21. Aesthetics / B. Nature of Art / 4. Art as Expression
Croce says art makes inarticulate intuitions conscious; rival views say the audience is the main concern [Scruton]
     Full Idea: The Croce model is of an inarticulate inner state (an 'intuition') becoming articulate and conscious through artistic expression. The rival model is fitting thing together so as to create links which resonate in the audience's feelings.
     From: Roger Scruton (Beauty: a very short introduction [2011], 5)
     A reaction: The first model tells you nothing about how the artist imagines the audience reacting.
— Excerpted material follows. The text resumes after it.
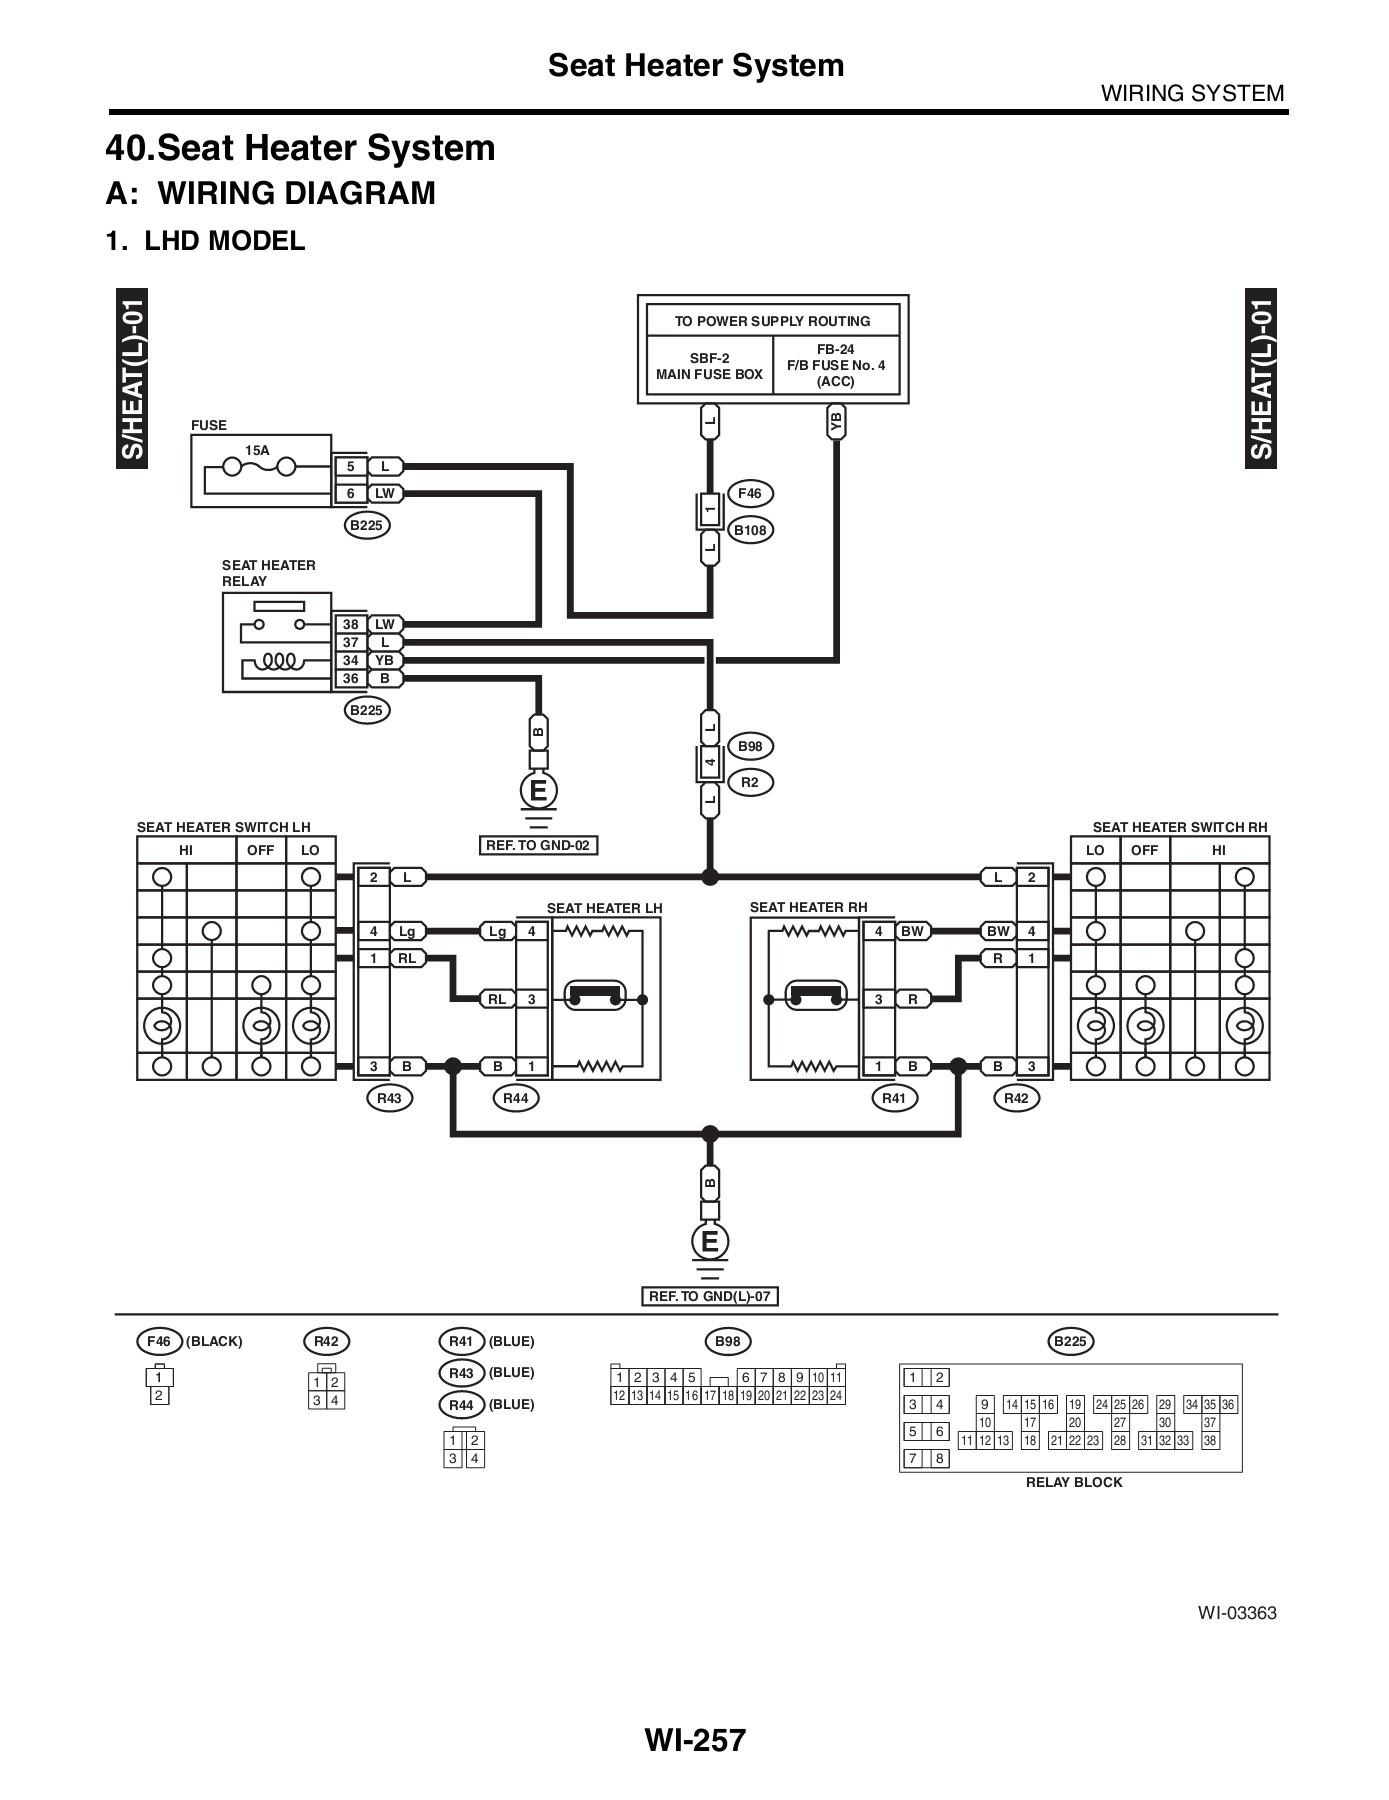 rear defoggercar wiring diagram page 5 [ 1389 x 1800 Pixel ]

The second model tells you nothing about what matters personally to the artist. A good theory must do both!
22. Metaethics / B. Value / 1. Nature of Value / f. Ultimate value
Beauty (unlike truth and goodness) is questionable as an ultimate value [Scruton]
     Full Idea: The status of beauty as an ultimate value is questionable, in the way that the status of truth and goodness are not.
     From: Roger Scruton (Beauty: a very short introduction [2011], 1)
     A reaction: We suspect that a love of beauty may be a bit parochial, where it is hard to conceive of living creatures anywhere in the cosmos who don't value the other two.
25. Social Practice / E. Policies / 5. Education / b. Education principles
Learned men gain more in one day than others do in a lifetime [Posidonius]
     Full Idea: In a single day there lies open to men of learning more than there ever does to the unenlightened in the longest of lifetimes.
     From: Posidonius (fragments/reports [c.95 BCE]), quoted by Seneca the Younger - Letters from a Stoic 078
     A reaction: These remarks endorsing the infinite superiority of the educated to the uneducated seem to have been popular in late antiquity. It tends to be the religions which discourage great learning, especially in their emphasis on a single book.
25. Social Practice / F. Life Issues / 5. Sexual Morality
Prostitution is wrong because it hardens the soul, since soul and body are one [Scruton]
     Full Idea: The condemnation of prostitution was not just puritan bigotry; it was a recognition of a profound truth, that you and your body are not two things but one, and by selling the body you harden your soul.
     From: Roger Scruton (Beauty: a very short introduction [2011], 7)
     A reaction: No one, I imagine, who condones or even enthuses about prostitution would hope that their own daughter followed the profession, so there is something wrong with it. But must an enthusiastic and cheerful prostitute necessarily have a hard soul?
26. Natural Theory / B. Natural Kinds / 7. Critique of Kinds
Natural kinds are not special; they are just well-defined resemblance collections [Abelard, by King,P]
     Full Idea: In Abelard's view a natural kind is a well-defined collection of things that have the same features, so that natural kinds have no special status, being no more than discrete integral wholes whose principle of membership is similarity.
     From: report of Peter Abelard (works [1135]) by Peter King - Peter Abelard 2
     A reaction: I take a natural kind to be a completely stable and invariant class of things. Presumably this invariance has an underlying explanation, but Abelard seems to take the Humean line that we cannot penetrate beyond the experienced surface.
27. Natural Reality / D. Time / 1. Nature of Time / d. Time as measure
Time is an interval of motion, or the measure of speed [Posidonius, by Stobaeus]
     Full Idea: Posidonius defined time thus: it is an interval of motion, or the measure of speed and slowness.
     From: report of Posidonius (fragments/reports [c.95 BCE]) by John Stobaeus - Anthology 1.08.42
     A reaction: Hm. Can we define motion or speed without alluding to time? Looks like we have to define them as a conjoined pair, which means we cannot fully understand either of them.